Gujarat has been in the grip of a farm crisis for much of the last five years, as droughts in 2014 and 2015 shrivelled crops in many districts, including in the drought-prone Saurashtra.

Although Gujarat is an urbanised industrial state, agriculture is the primary occupation of nearly 49% of the state’s population, comprising 3.9 million households, according to the National Sample Survey Organisation (NSSO). This shows slow movement from the farm sector to non-farm employment, which is quite the accepted path of economic development.

The state has one of the highest levels of indebted farm households at 43% despite high growth over the years. This is just two percentage points below the all-India average farm household indebtedness of 45%, according to the NSSO.

“A one-on-one correlation between an agrarian distress and rural voting, one must say, is a little exaggerated. But in Gujarat, we do have a fairly bad patch in agriculture, if not a distress,” said farm economist Yoginder Kumar Alagh.
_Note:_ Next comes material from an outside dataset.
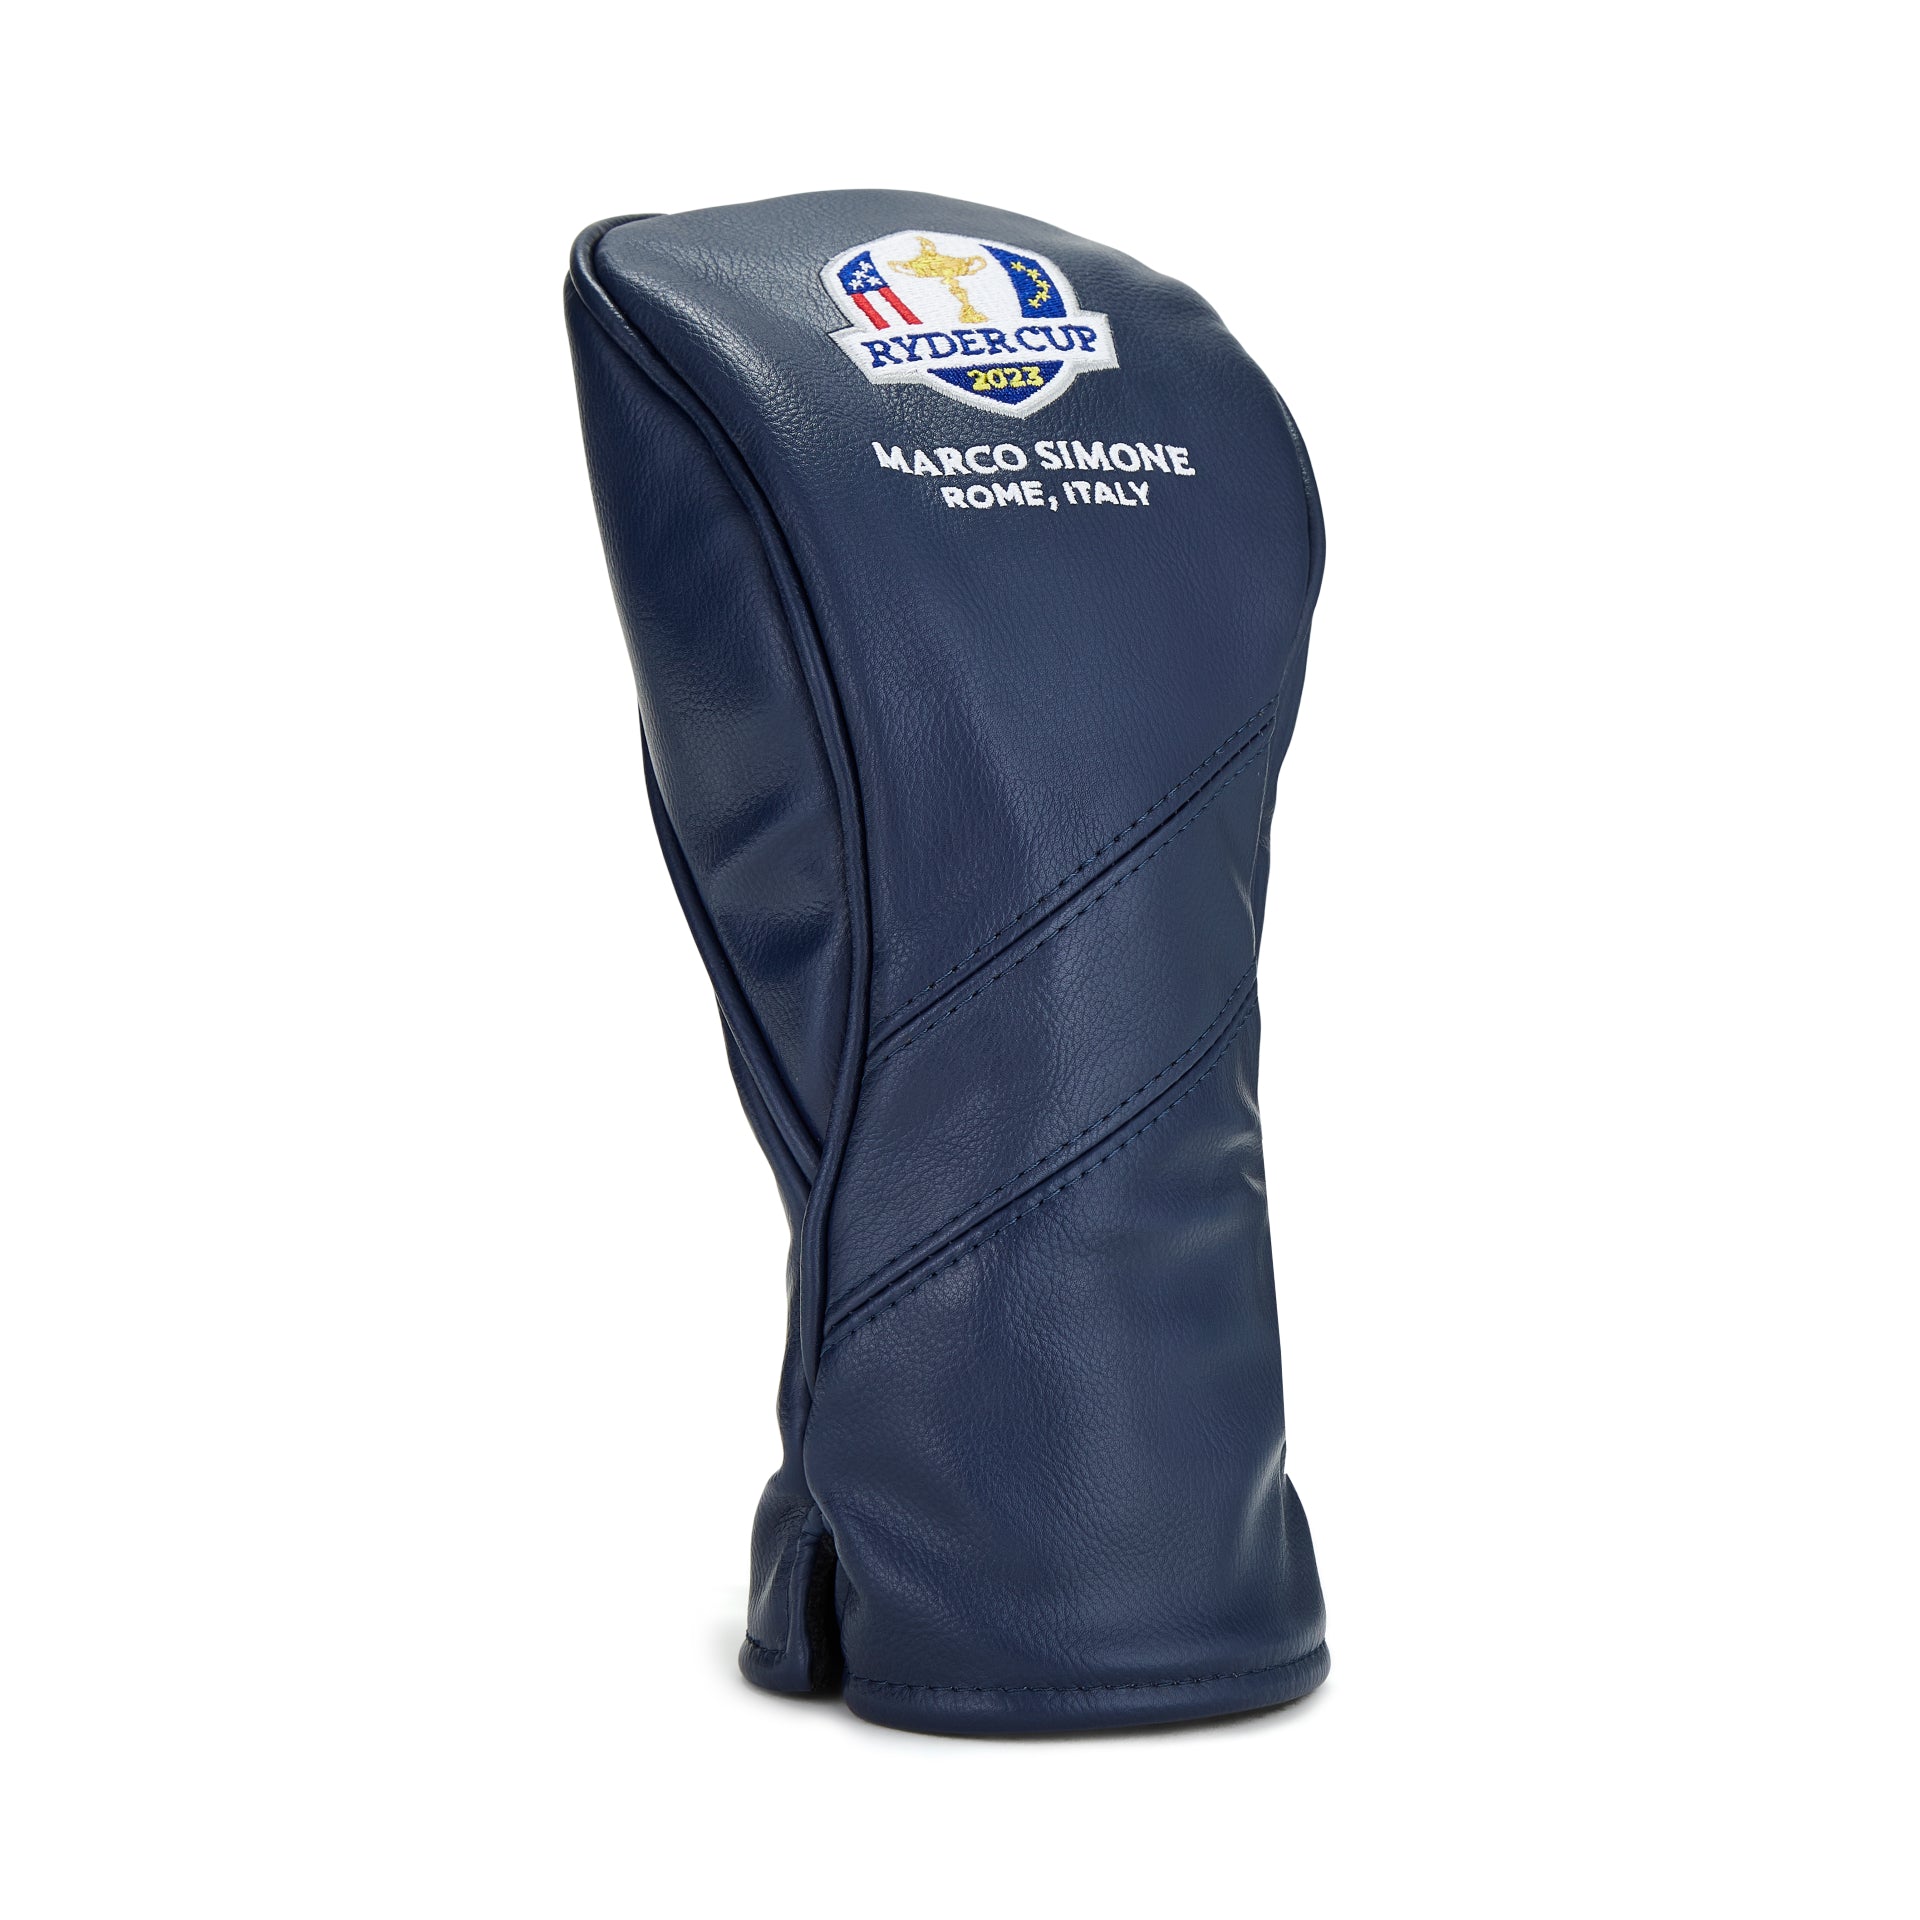 SS23 FCRB FAIRWAY WOOD HEAD COVER-

Alagh said although many economists had criticised the NDA government’s farm loan waivers, there was a clear deterioration in farm incomes that warranted such interventions. One of the main reasons for the crisis in Gujarat’s agriculture is that the “terms of trade” have moved “decisively” against agriculture in the past four years.

Agricultural “terms of trade”, in the context of the domestic economy, refers to the ratio between the combined index of prices received by farmers in contrast to the combined index of prices paid by farmers for different items purchased. In a way, it is a measure of the difference between income and expenditure.
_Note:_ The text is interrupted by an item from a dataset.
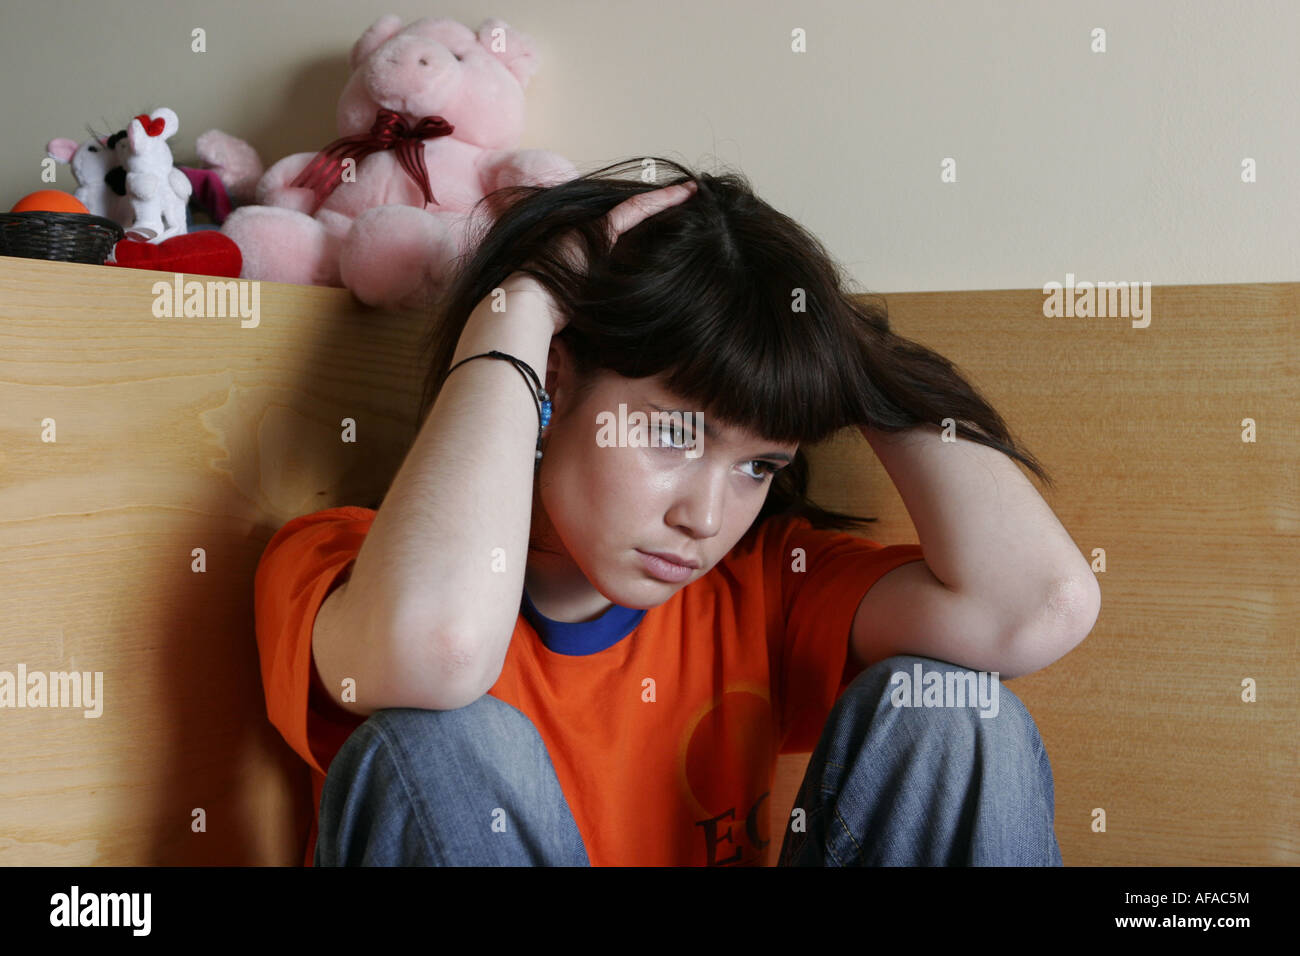 Sad teenager girl sitting on the bed Stock Photo

According to Alagh’s calculations, the terms of trade for all other sectors had gone up by about 20% in Gujarat, against a drop of about 5% in the farm sector. Despite market linkages, the surplus in Gujarat’s rural incomes is thinly spread. The monthly average income of farm households, according to the NSSO, is Rs 7,926, against an expenditure of Rs 7,672.
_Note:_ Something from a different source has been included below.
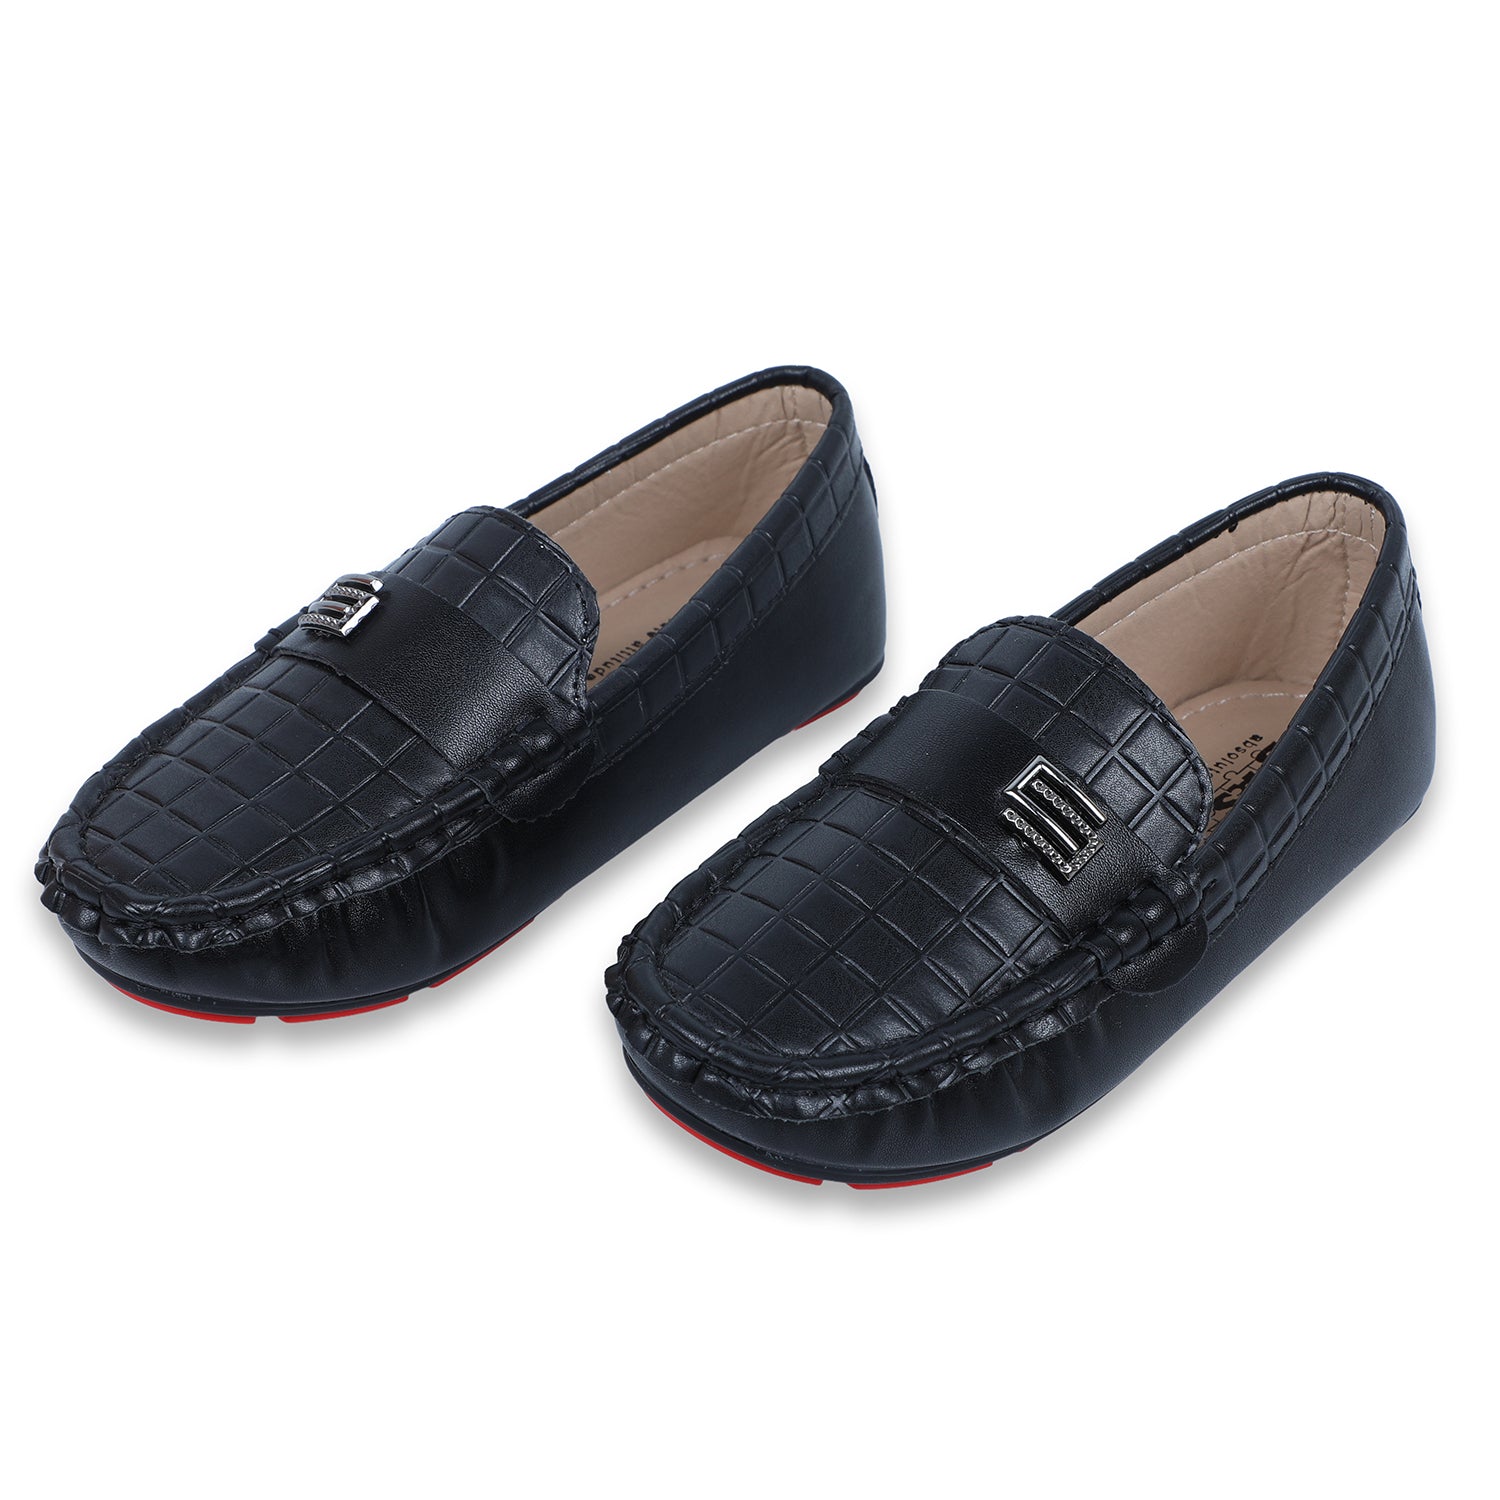 Baby Moo x Bash Kids Embossed Leatherite Loafer Shoes - Black

There are two distinct characteristics of Gujarat’s agriculture. One it is highly commercialised, and two, it operates largely in a cooperative model. “Demonetisation did affect agriculture and farmers haven’t been adequately compensated,” Ahmedabad political analyst Maheshwari Jani said.

When demonetisation was announced on November 9, 2016, the Reserve Bank of India (RBI) did not allow cooperative banks to accept the demonetised currency.

“Since Gujarat has a cooperative-based agriculture, credit for first-stage processing of food crops was certainly affected,” says Alagh.

Clearly, the decline in the BJP’s seats and dissent among farmers was not enough to have caused a major upset in terms. The Congress, on the other hand, tapped into rural votes but it did not make up for its lack of inroads in urban belts.